Progression of the empyema with the development of fibrinous adhesions and loculations make simple drainage difficult if not impossible. Chest tube drainage and intravenous antibiotic therapy might be adequate for stage 1 empyema. However, this approach is rarely effective in patients with stage 2 or 3 disease.

Although, there might be clinical improvement with drainage of the pleural space and antibiotic therapy, re-expansion of the entrapped lung is unlikely to occur in a significant number of cases and this ultimately leads to surgical intervention. Recognising the limitations to this approach, some researchers have advocated the use of intrapleural fibrinolytic agents as a form of chemical debridement to enhance pleural drainage and to disrupt loculations.

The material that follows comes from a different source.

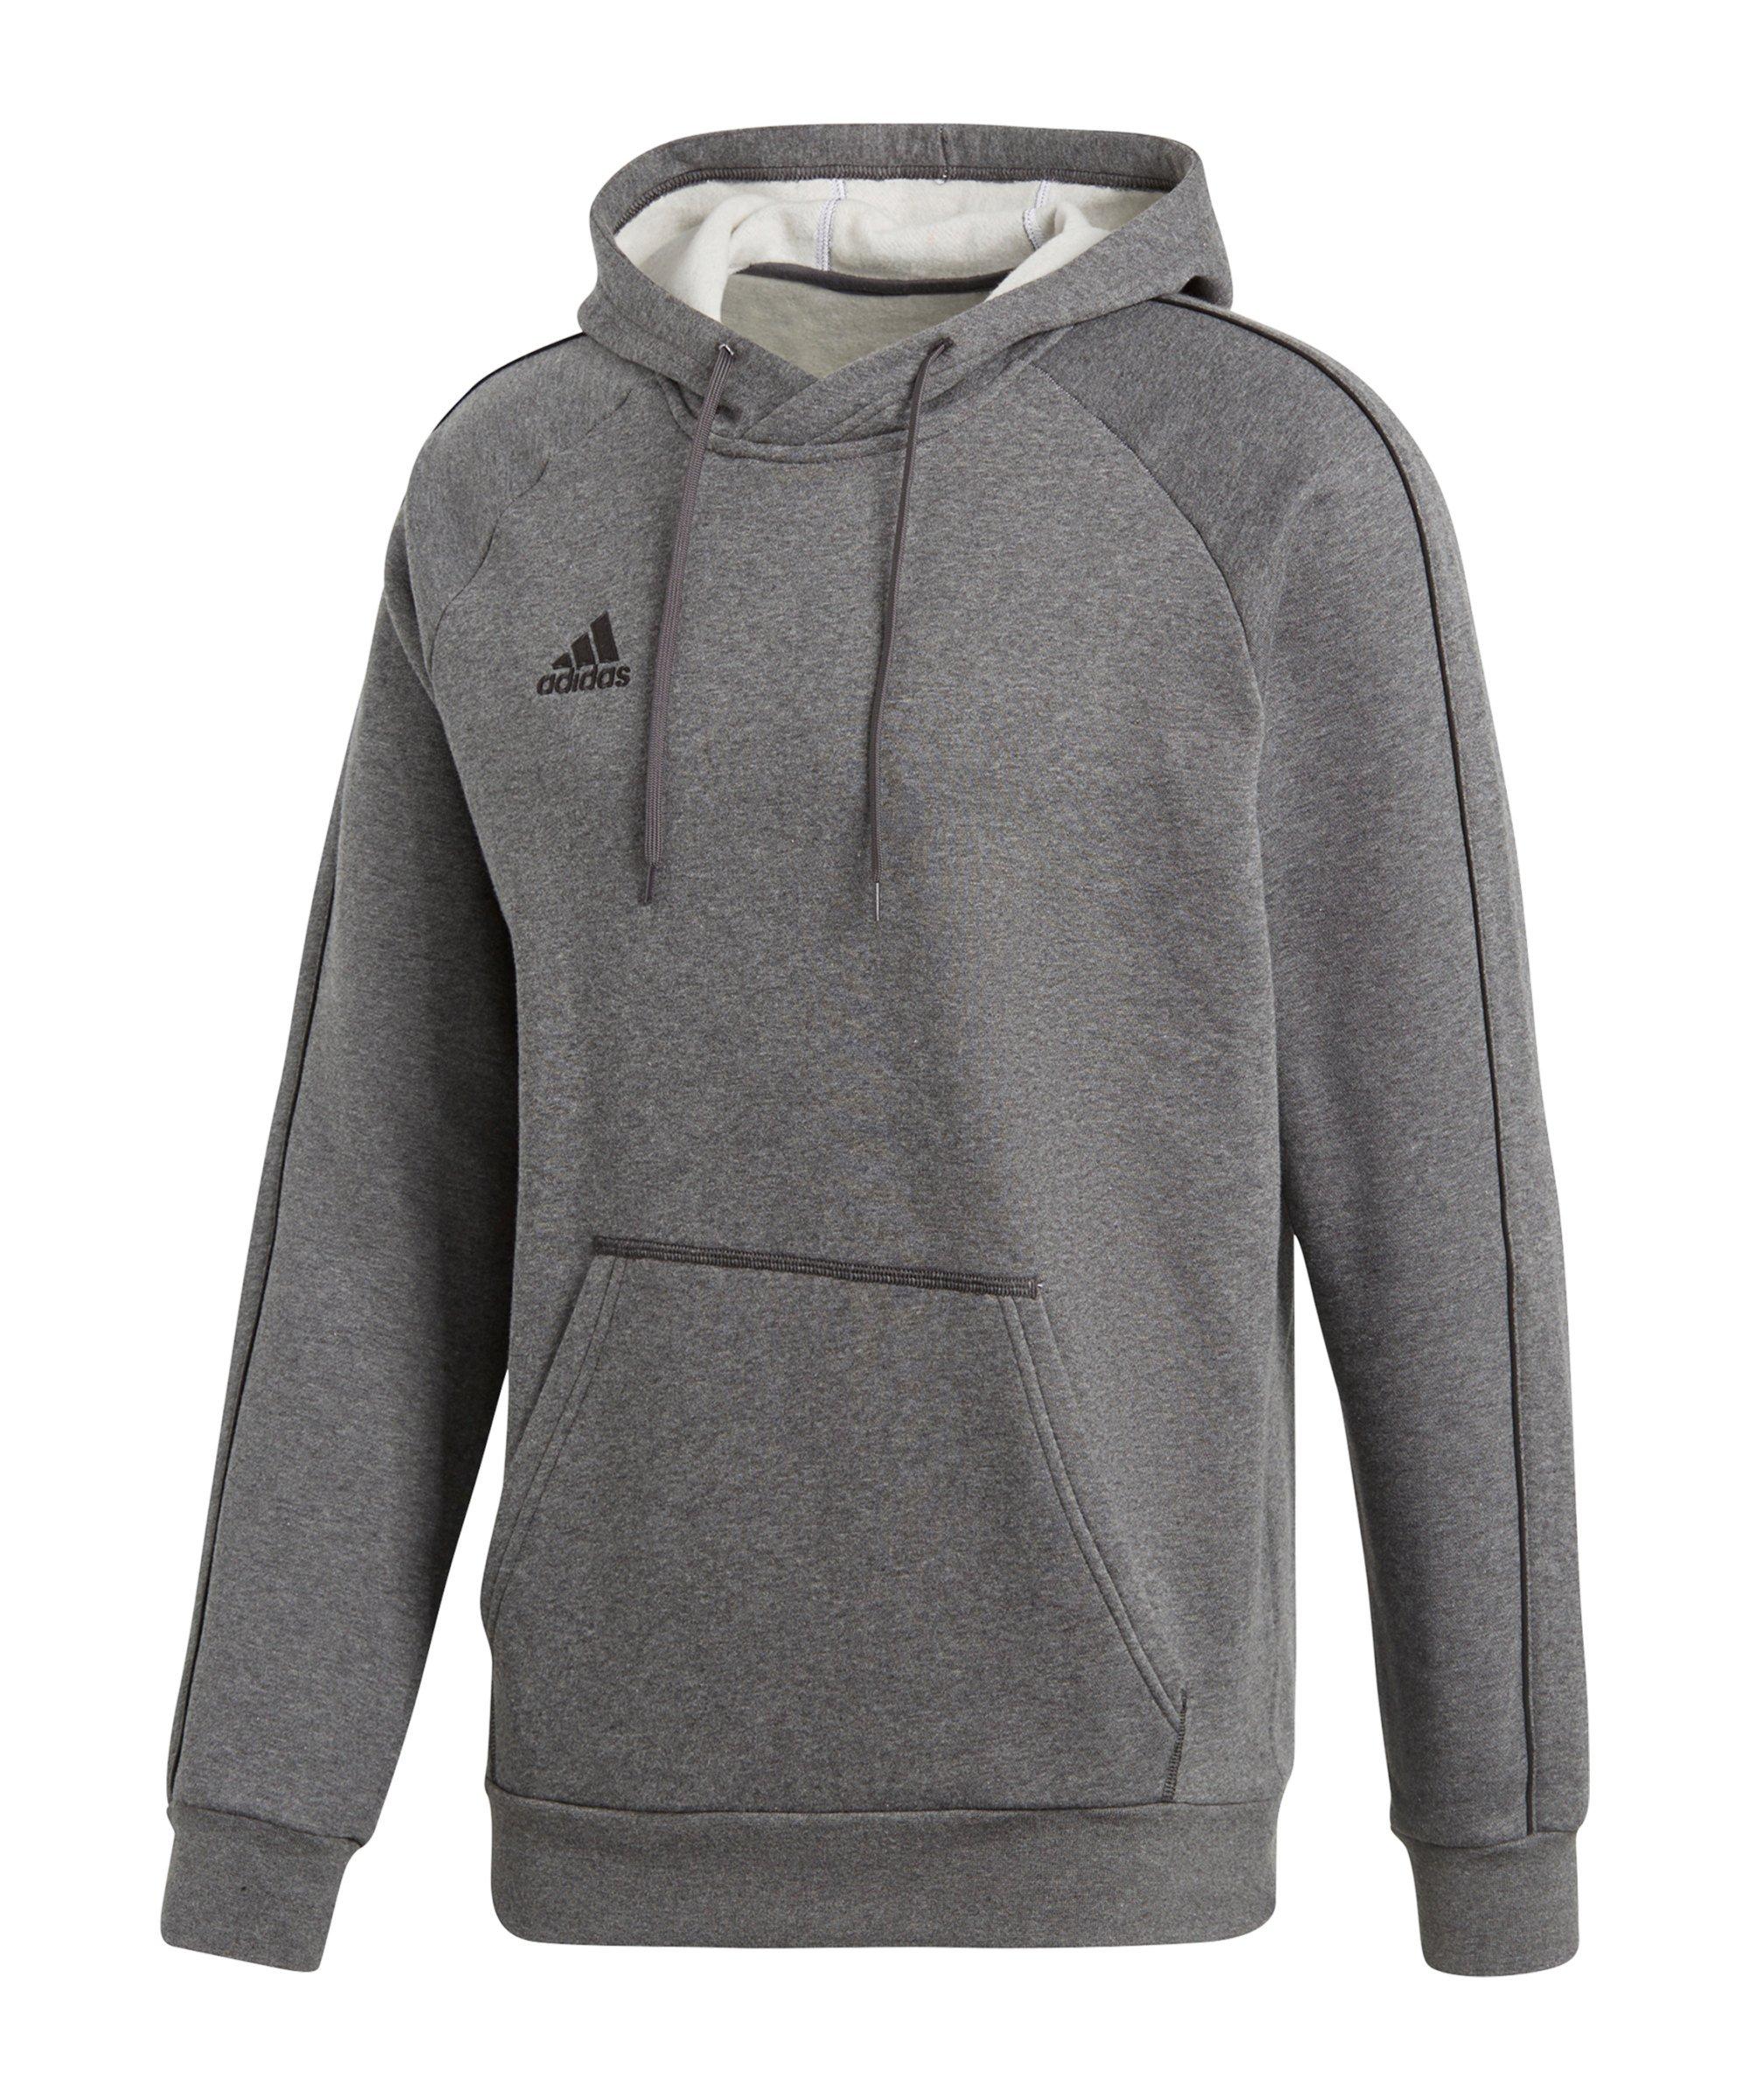 adidas Core 18 Sweat Top grau schwarz 2xl günstig kaufen | eBay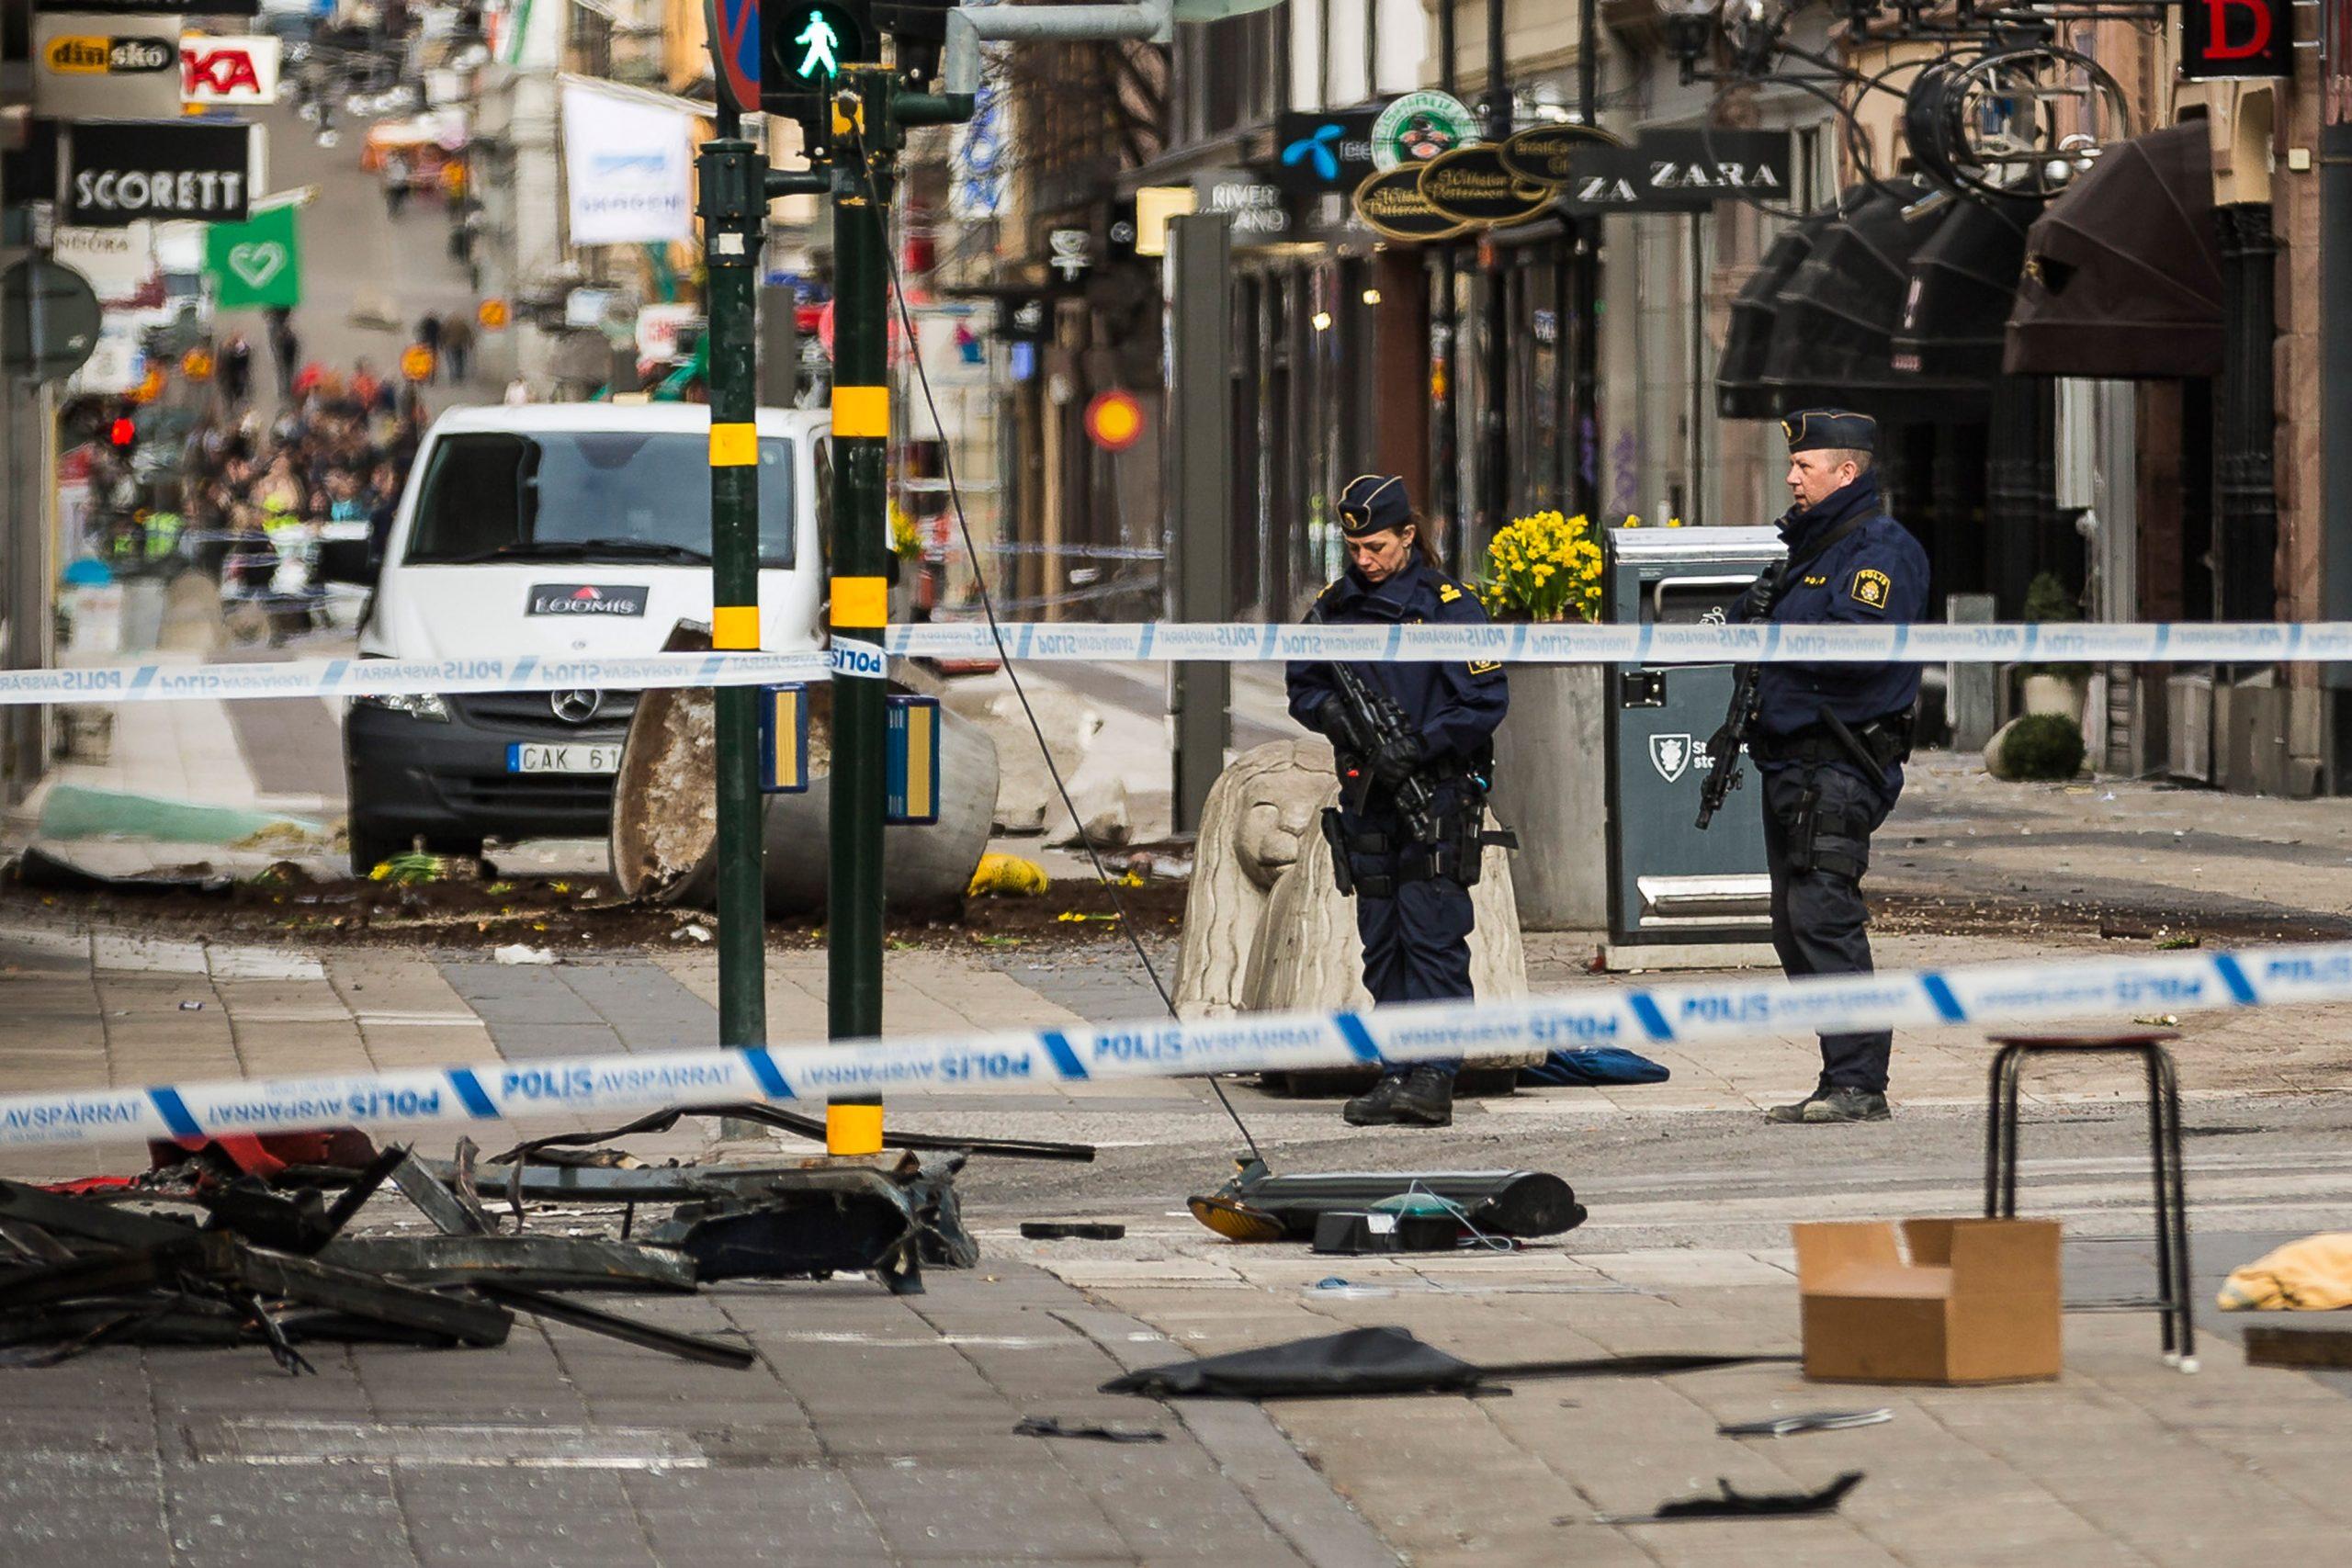 Immer mehr Waffenmorde in Schweden – Regierung beauftragte europäischen Vergleich

The study by Rahman et al “Intrapleural use of tissue plasminogen activator and DNase in pleural effusion” showed that intrapleural t-PA and DNase therapy improved the fluid drainage and reduced the frequency of surgical referral and hospital stay.17

Good lung expansion with minimal pleural thickening was seen in 25 (83.33%) cases of non-tubercular cases. But only 13 (59%) cases of tubercular empyema had resolution. Four patients with tuberculous empyema underwent surgery despite ATT and ICTD, whereas only one (3.33%) in the non-tuberculous group needed surgery. These results were comparable with those of Kundu study.

The outcome among tuberculous and non-tuberculous groups of empyema were different with non-tuberculous empyema showing good response and almost complete resolution in most cases with appropriate antibiotics and therapeutic procedures like serial thoracocentesis and intercostal drainage. But in tubercular group, despite ATT and ICDT, the duration and course of the disease was longer, hospital stay and mean duration of ICDT was longer with more cases presenting with BPF and resolution rate was less compared to non-tubercular group.

 
Follow-Up

All patients were followed up after the discharge at 1 and 3 months. All of them were evaluated clinically and radiographically. Most of the patients (68%) were asymptomatic and had good lung expansion; 12% were clinically normal, but revealed pleural thickening; 11% had persistent collapse.

 

CONCLUSION

  • Empyema continues to be prevalent in our country, particularly in the lower socioeconomic strata due to the delay in seeking medical care, inappropriate antibiotics and dosages and duration of antibiotic treatment.
  • Empyema fluid is diagnostic for pathogens if appropriate handling and early cultures were done, but in the present scenario with prior antibiotic treatment the fluid is sterile in most cases. Pleural fluid biochemical parameters would also vary depending on the stage of empyema, severity and previous antibiotic therapy.
  • Management of primary empyema continues to be controversial in terms of duration of antibiotic therapy and the indications for and timing of surgery. There is a need for randomised controlled trial for strict guidelines on the management of empyema.
  • Tuberculous empyema differs from non-tuberculous empyema in the age profile, clinical presentation, management issues and has a significantly poorer outcome.
  • Tuberculous empyema remains a significant cause of empyema thoracis in India. Further studies are needed to evaluate the role of rapid diagnostic tools like CBNAAT with reliable sensitivity and specificity in the diagnostic algorithm for the early diagnosis of tuberculous empyema, which would help in planning the treatment of empyema.

 

ACKNOWLEDGEMENT

The Author sincerely acknowledges and thanks Dr. MG Krishna Murthy, Professor and Head of the Department of Pulmonary Medicine, Gandhi Medical College, Secunderabad/ Government General and Chest Hospital, TS, for the cooperation and their assistance during the study.